» **DATA**:

★ ★ ★ ★ ★

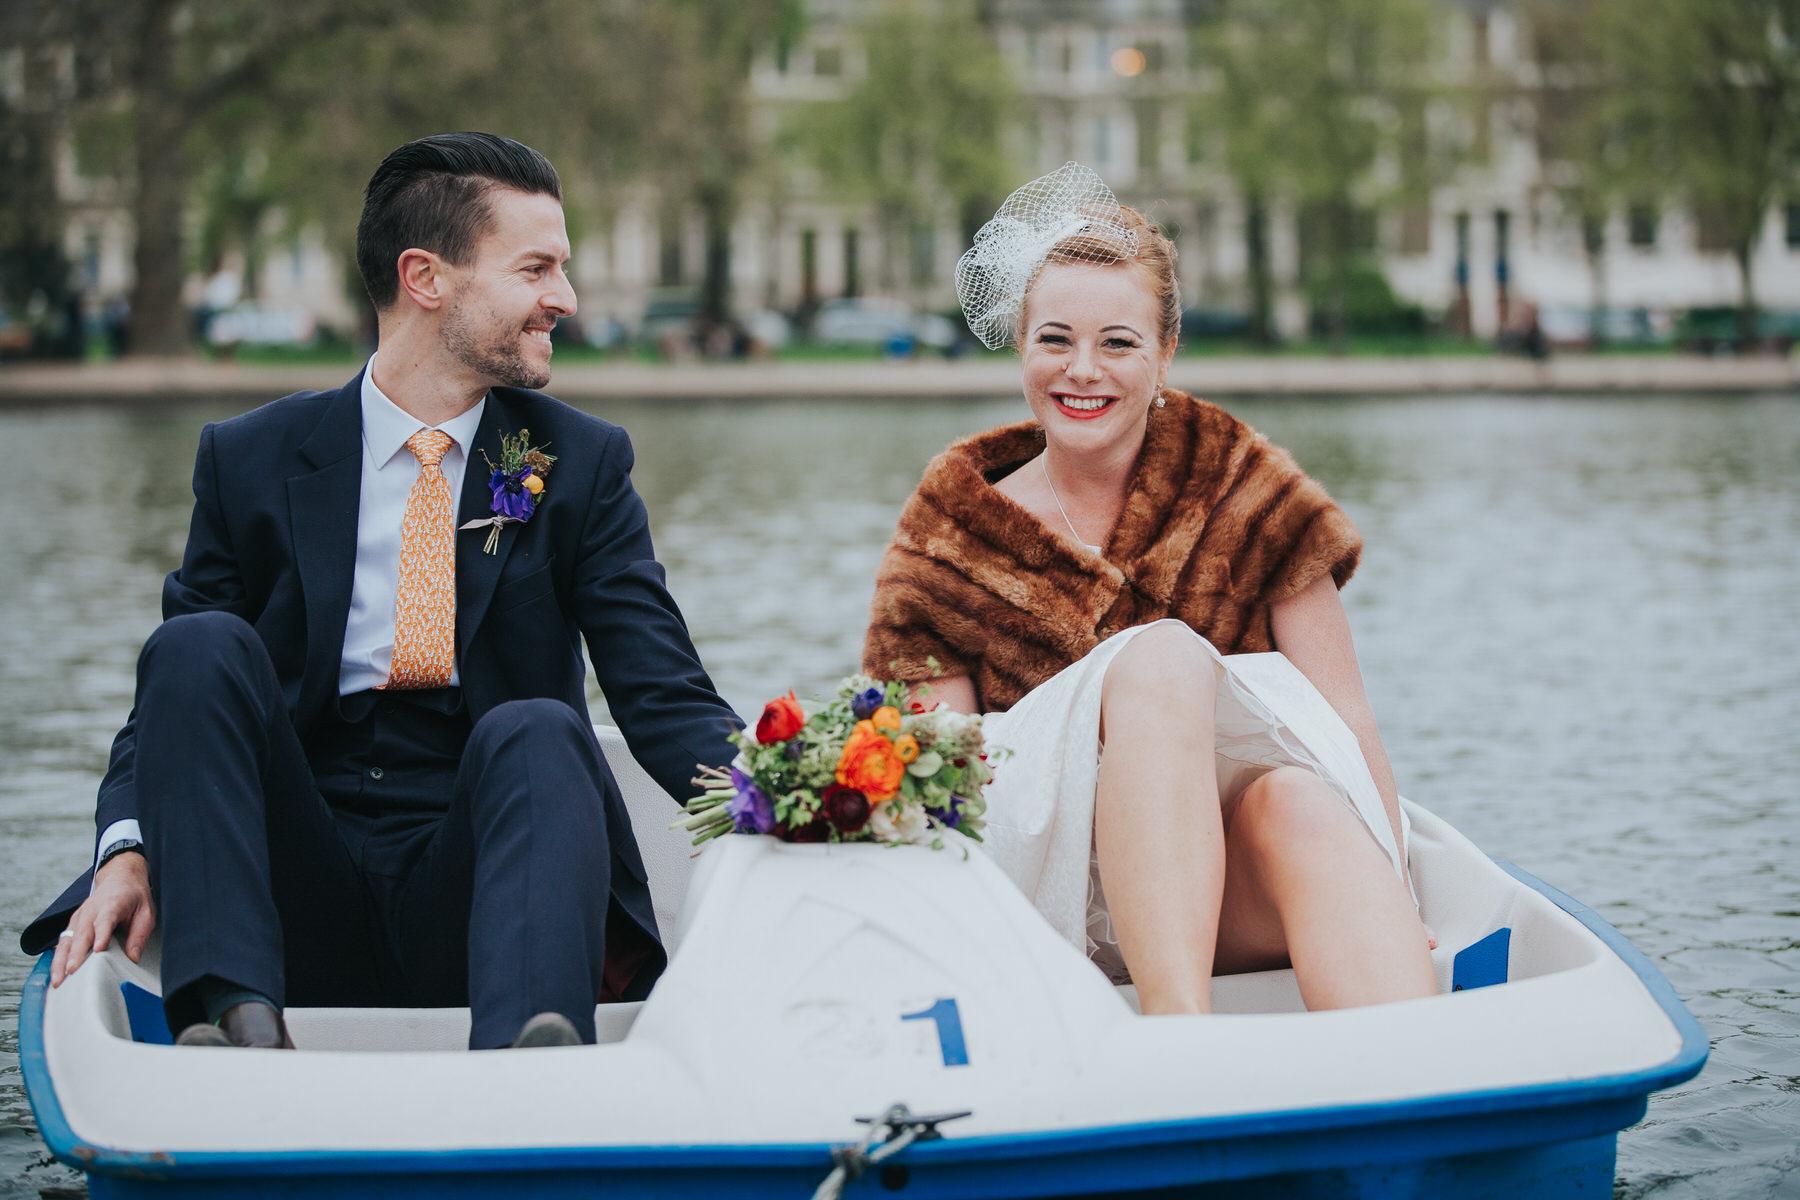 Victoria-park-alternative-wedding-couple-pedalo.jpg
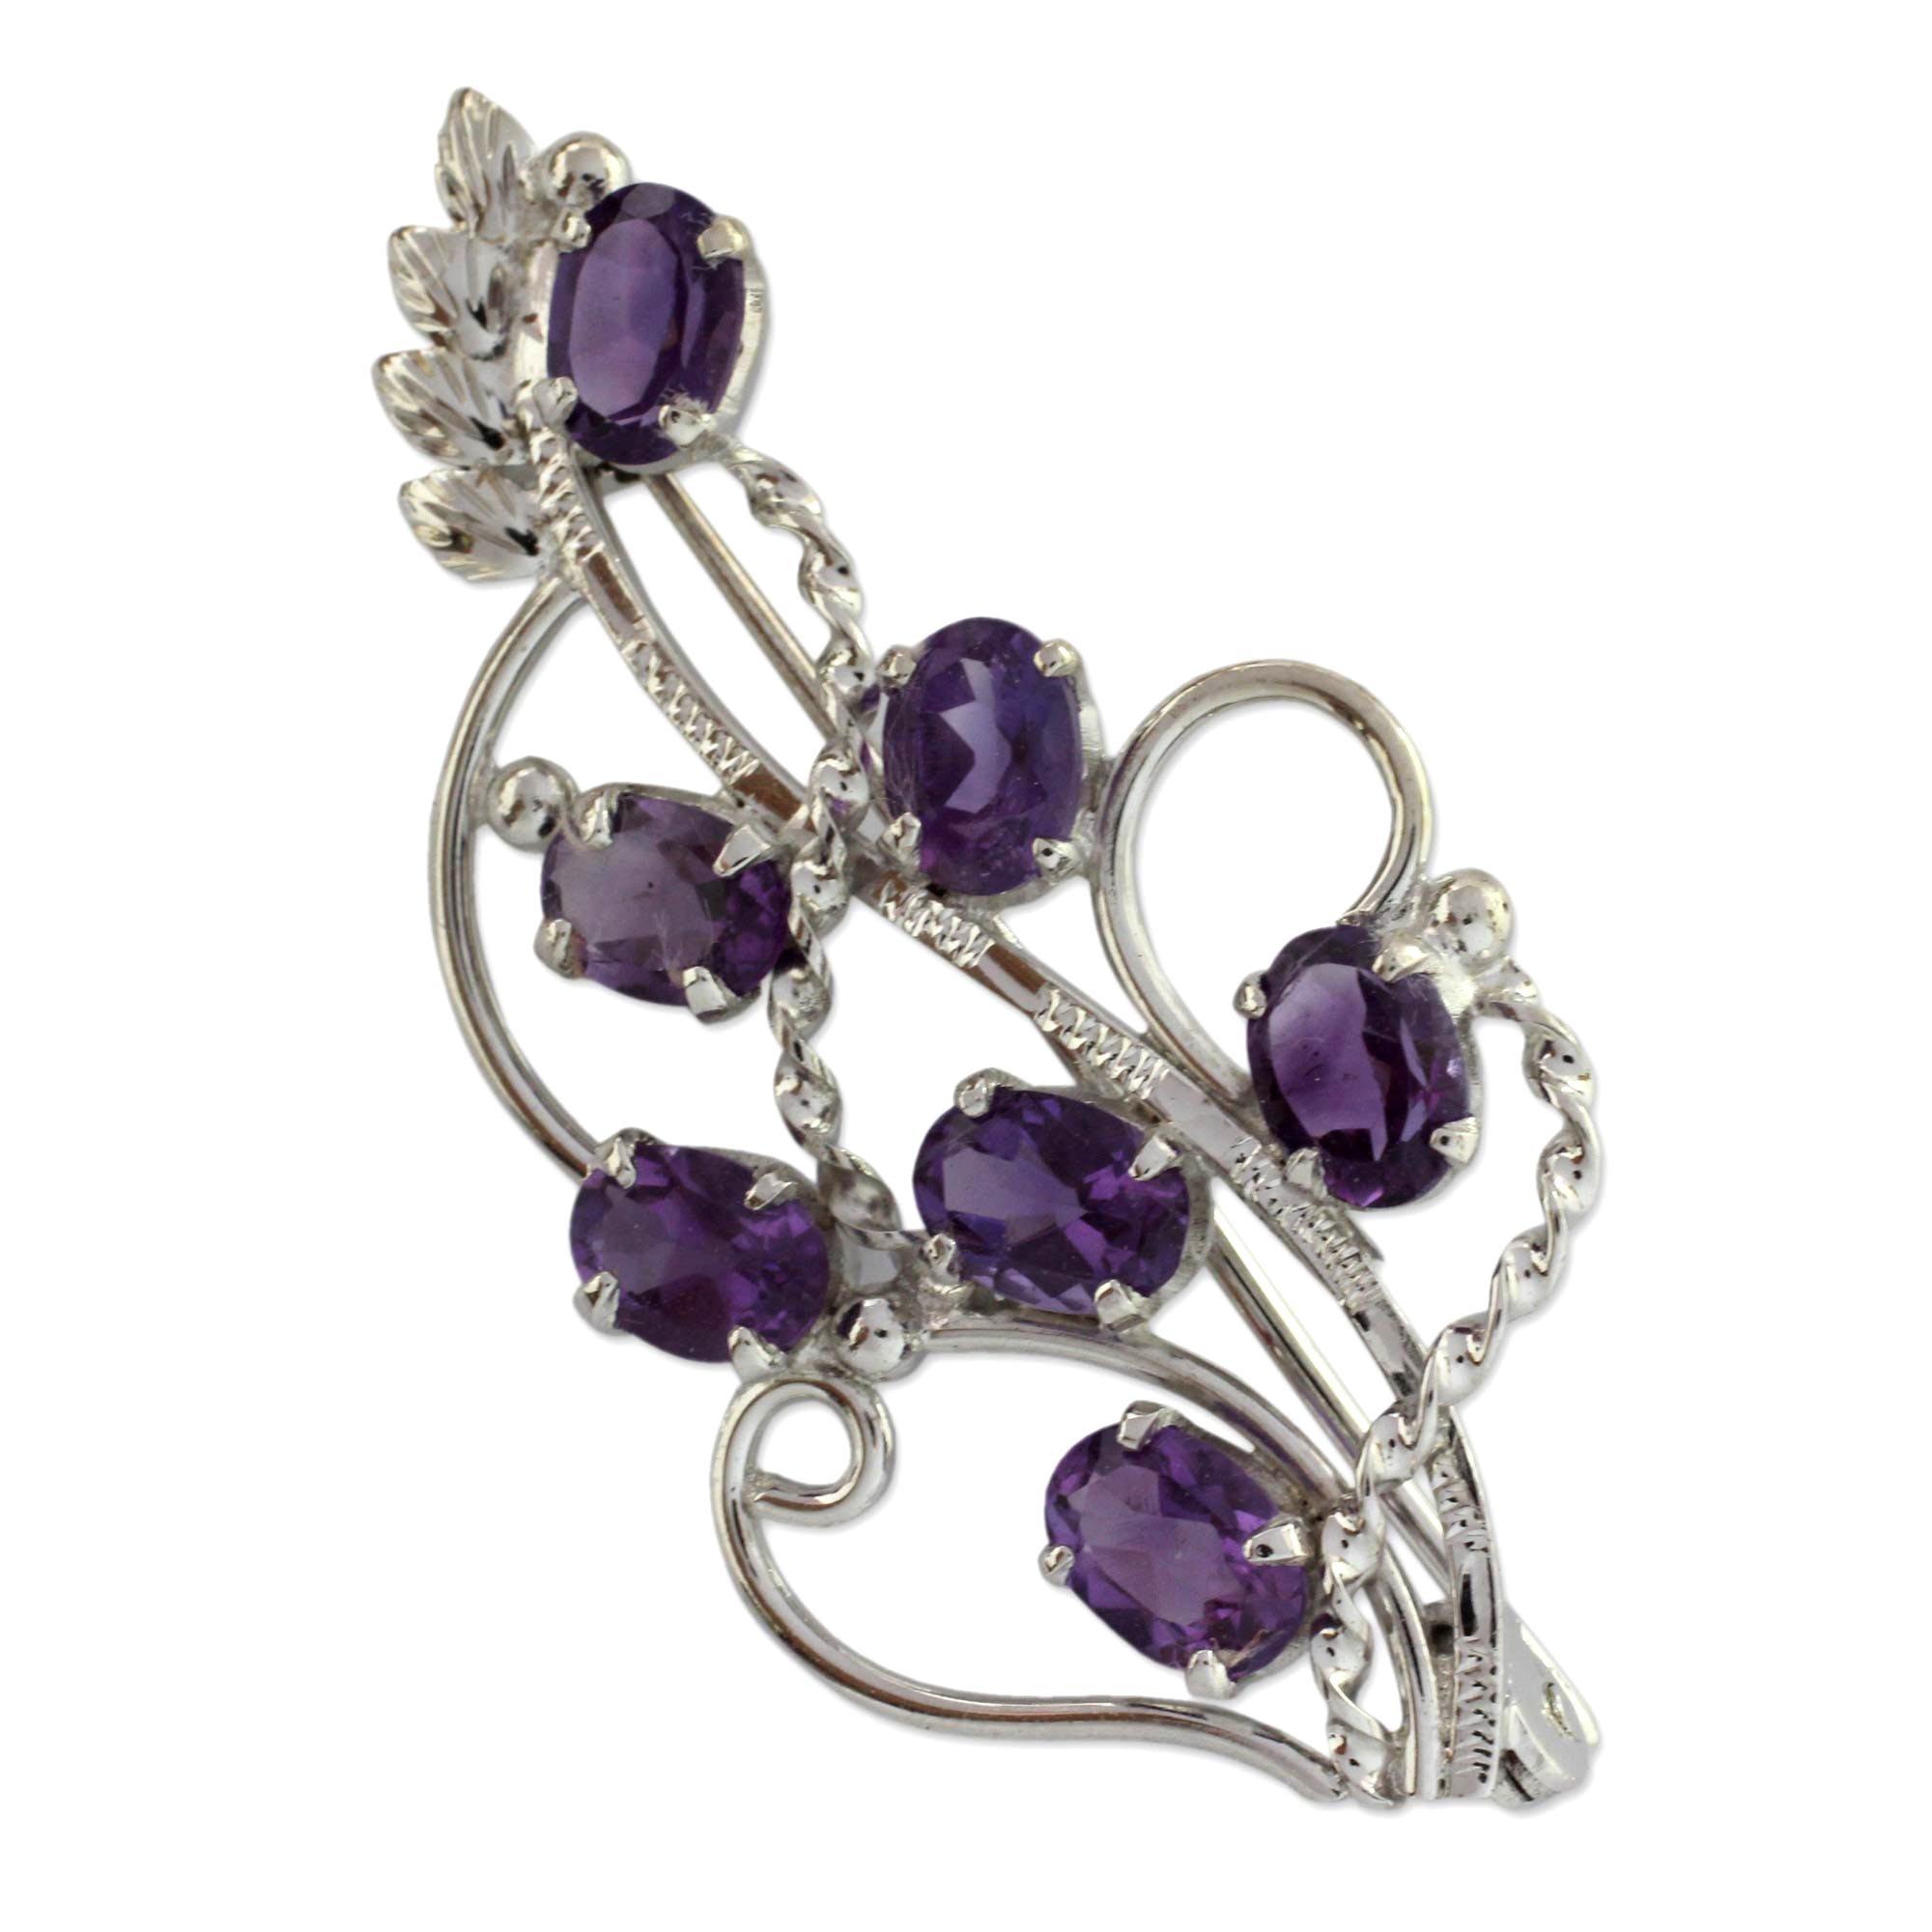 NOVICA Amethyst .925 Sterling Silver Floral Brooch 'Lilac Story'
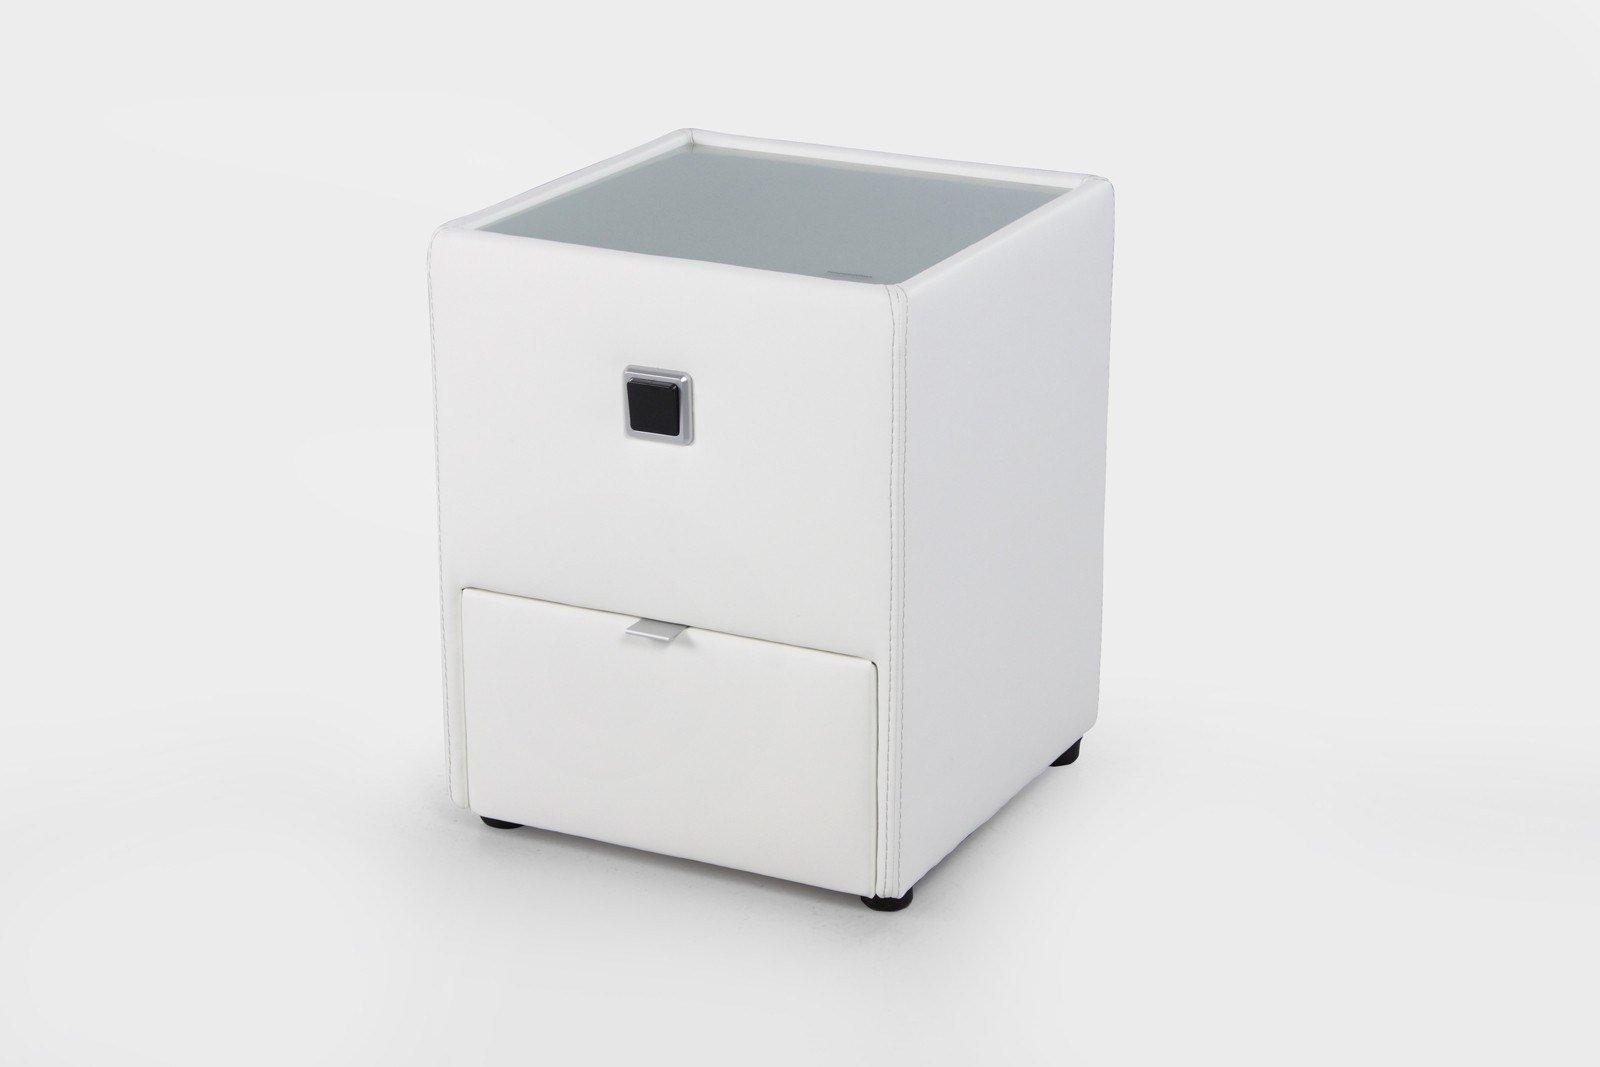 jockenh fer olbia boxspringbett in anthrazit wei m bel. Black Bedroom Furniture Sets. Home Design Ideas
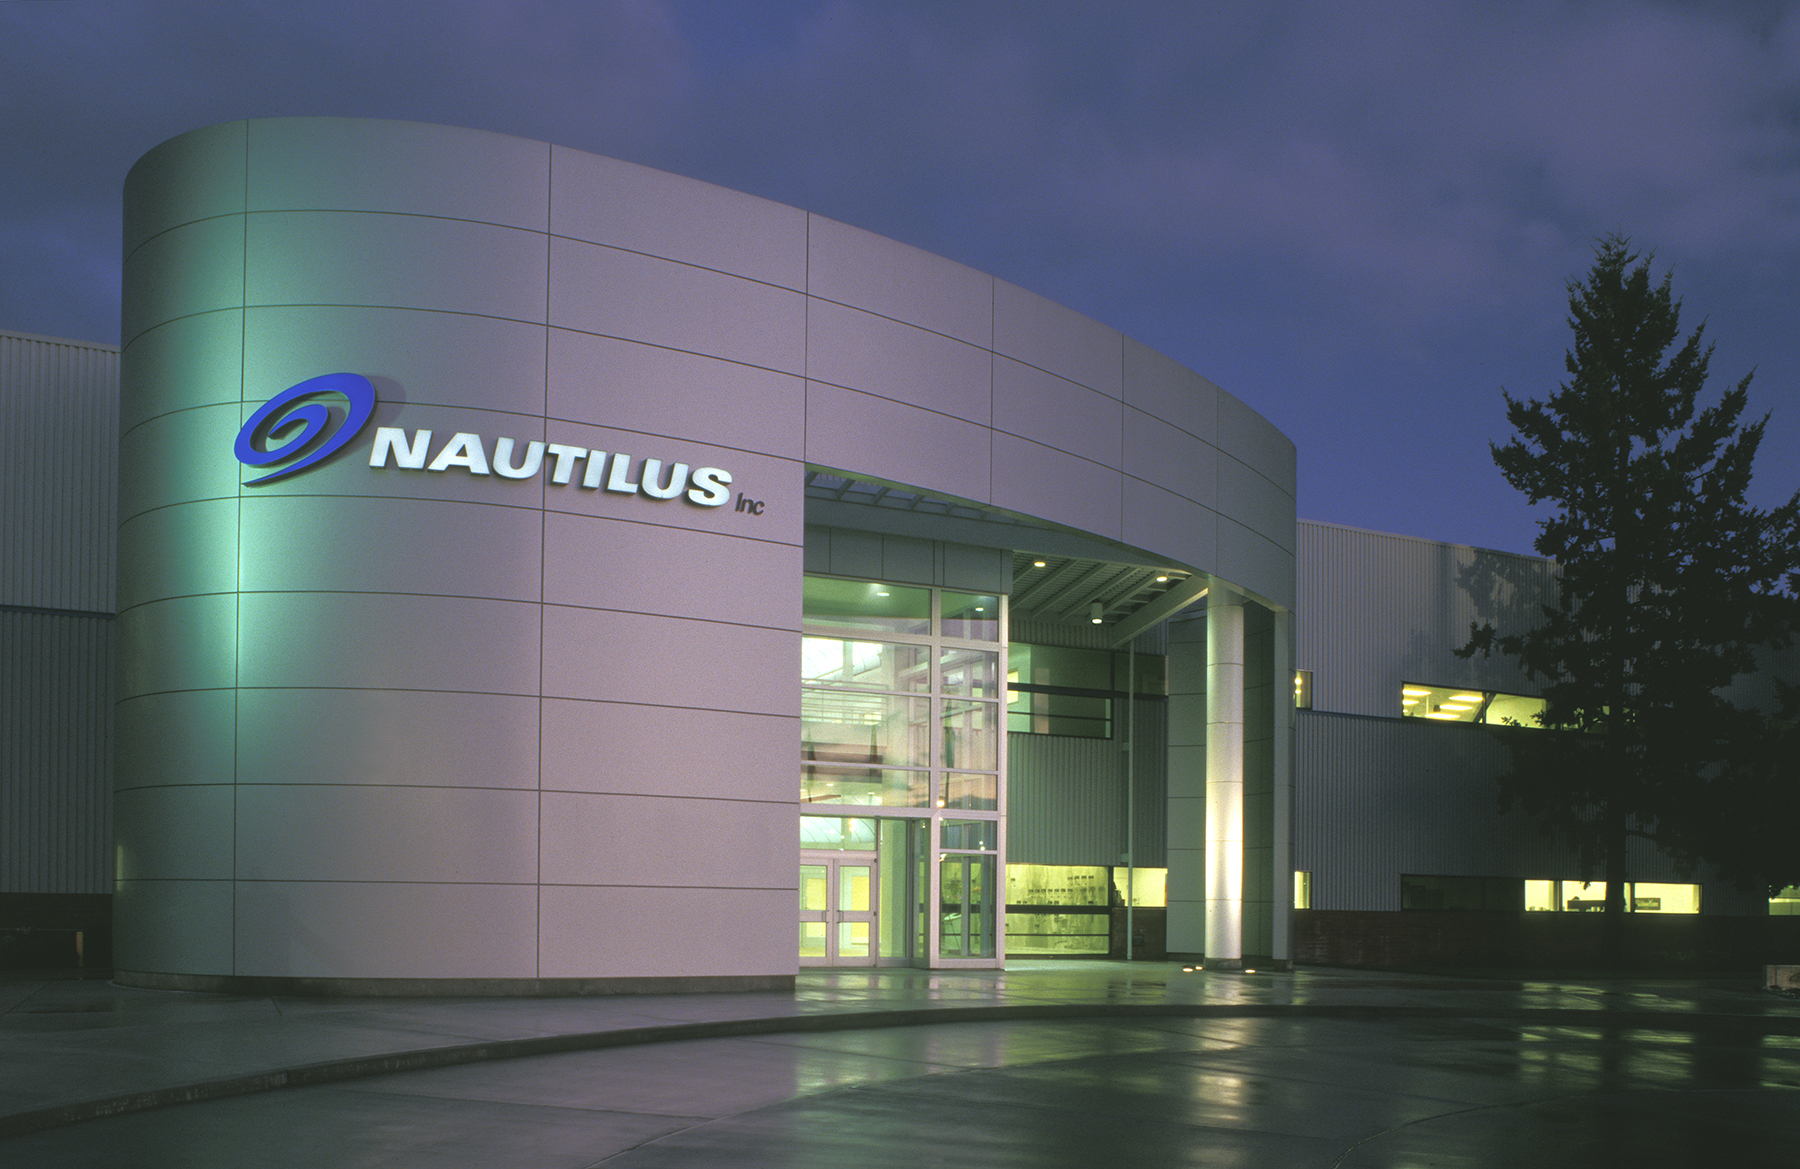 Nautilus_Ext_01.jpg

★ ★ ★ ★ ★

» **TASK DESCRIPTION**:
Reproduce the listing word for word, but keep the pictures out of it.

» **RESPONSE FOR THIS EXERCISE**:
 Victoria-park-alternative-wedding-couple-pedalo.jpg
 NOVICA Amethyst .925 Sterling Silver Floral Brooch 'Lilac Story'
 jockenh fer olbia boxspringbett in anthrazit wei m bel. Black Bedroom Furniture Sets. Home Design Ideas
 Nautilus_Ext_01.jpg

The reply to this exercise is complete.